The genus Fragaria is highly interfertile between and within ploidy levels, thus leading to the natural formation of higher-polyploid species. Polyploid events, also known as whole-genome duplications, have been an important recurrent process throughout the evolutionary history of eukaryotes and have probably contributed to novel and varied phenotypes. Polyploids are grouped into two main categories: autopolyploids and allopolyploids, involving either a single or multiple diploid progenitor species, respectively. Many crop species are allopolyploids, thus contributing to the emergence of important agronomic traits such as spinnable fibers in cotton, diversified morphotypes in Brassica, and varied aroma and flavor profiles in strawberry. Allopolyploids face the challenge of organizing distinct parental sub-genomes—each with a unique genetic and epigenetic makeup shaped by independent evolutionary histories—residing within a single nucleus. Previous studies have proposed, as part of the ‘sub-genome dominance’ hypothesis, that the establishment of a single dominant sub-genome may resolve various genetic conflicts in allopolyploids. However, understanding of the underlying mechanisms and ultimate consequences of sub-genome dominance remains largely incomplete. Subgenome-level analyses in most allopolyploid systems are greatly hindered by the inability to confidently assign parental gene copies to each sub-genome, owing to both large-scale chromosomal changes and homoeologous exchanges that shuffle and replace homoeologs among parental chromosomes. Octoploid strawberry still has a complete set of homoeologous chromosomes from all four parental sub-genomes, thus greatly simplifying homoeolog assignment. Furthermore, gene sequences from extant relatives of the diploid progenitor species, which probably still exist for octoploid strawberry , can be used to accurately assign homoeologs to each parental sub-genome.
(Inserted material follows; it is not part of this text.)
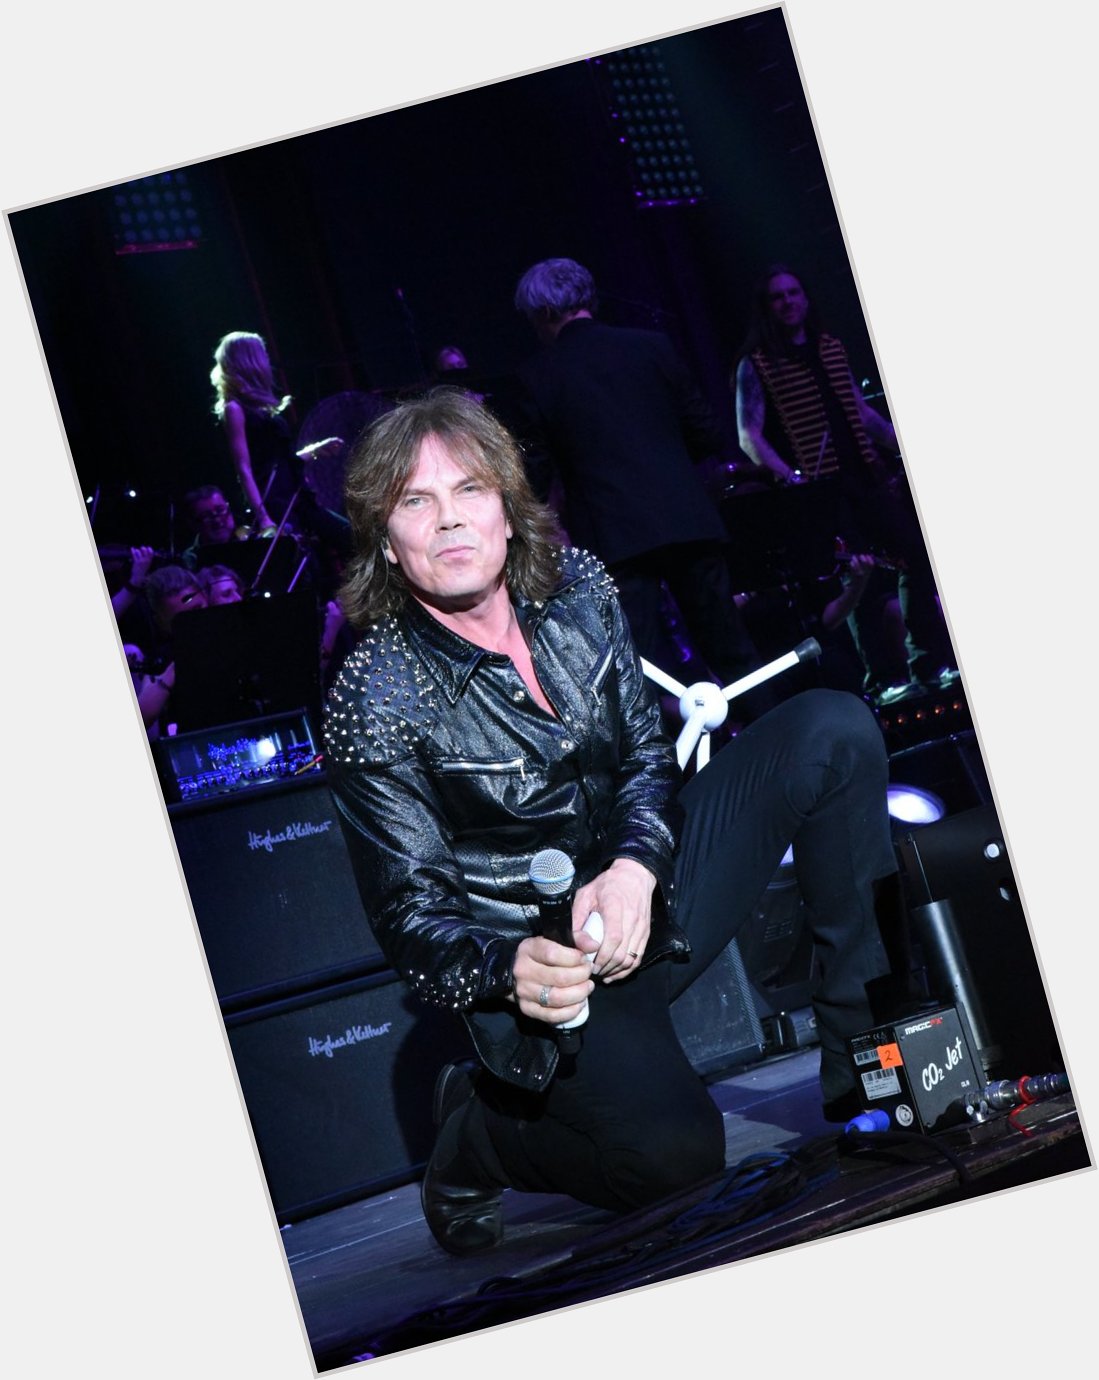 A very Happy Birthday to Joey Tempest. Wishing you all the best.

However, a high quality reference genome for the octoploid is needed to fully exploit strawberry as a model system for studying allopolyploidy as well as to provide a platform for identifying biologically and agriculturally important genes and applying genomic-enabled breeding approaches. The assembly of the octoploid strawberry genome, with an estimated genome size of 813.4 Mb, has been particularly challenging because of its high heterozygosity and ploidy level. For example, the most recently published version of the octoploid strawberry genome is highly fragmented, with more than 625,000 scaffolds, and largely incomplete, with less than 660 Mb assembled after removal of the numerous gaps. Thus, that version of the genome, owing to its overall highly fragmented nature, has not been a useful resource for genome-wide analyses including the discovery of molecular markers for breeding.Our goal was to obtain a high-quality reference genome for the Fragaria×ananassa cultivar ‘Camarosa’, one of the most historically important and widely grown strawberry cultivars worldwide. We sequenced the genome through a combination of short- and longread approaches, including Illumina, 10X Genomics, and PacBio, totaling 615-fold coverage of the genome . Illumina and 10X Genomics data were assembled and scaffolded with the software package DenovoMAGIC3 , which has recently been used to assemble the allotetraploid wheat genome. We further scaffolded the genome to chromosome scale by using Hi-C data in combination with the HiRise pipeline , then performed gap-filling with 43-fold-coverage error-corrected PacBio reads with PBJelly. The total length of the final assembly is 805,488,706bp, distributed across 28 chromosome-level pseudomolecules and representing ~99% of the estimated genome size, on the basis of flow cytometry measurements. A genetic map for Fragaria×ananassa was used to correct any misassemblies, and comparisons to Fragaria vesca were used to identify homoeologous chromosomes. We annotated 108,087 protein-coding genes along with 30,703 genes encoding long noncoding RNAs , which were subdivided into 15,621 long intergenic noncoding RNAs, 9,265 antisense overlapping transcripts , and 5,817 sense overlapping transcripts .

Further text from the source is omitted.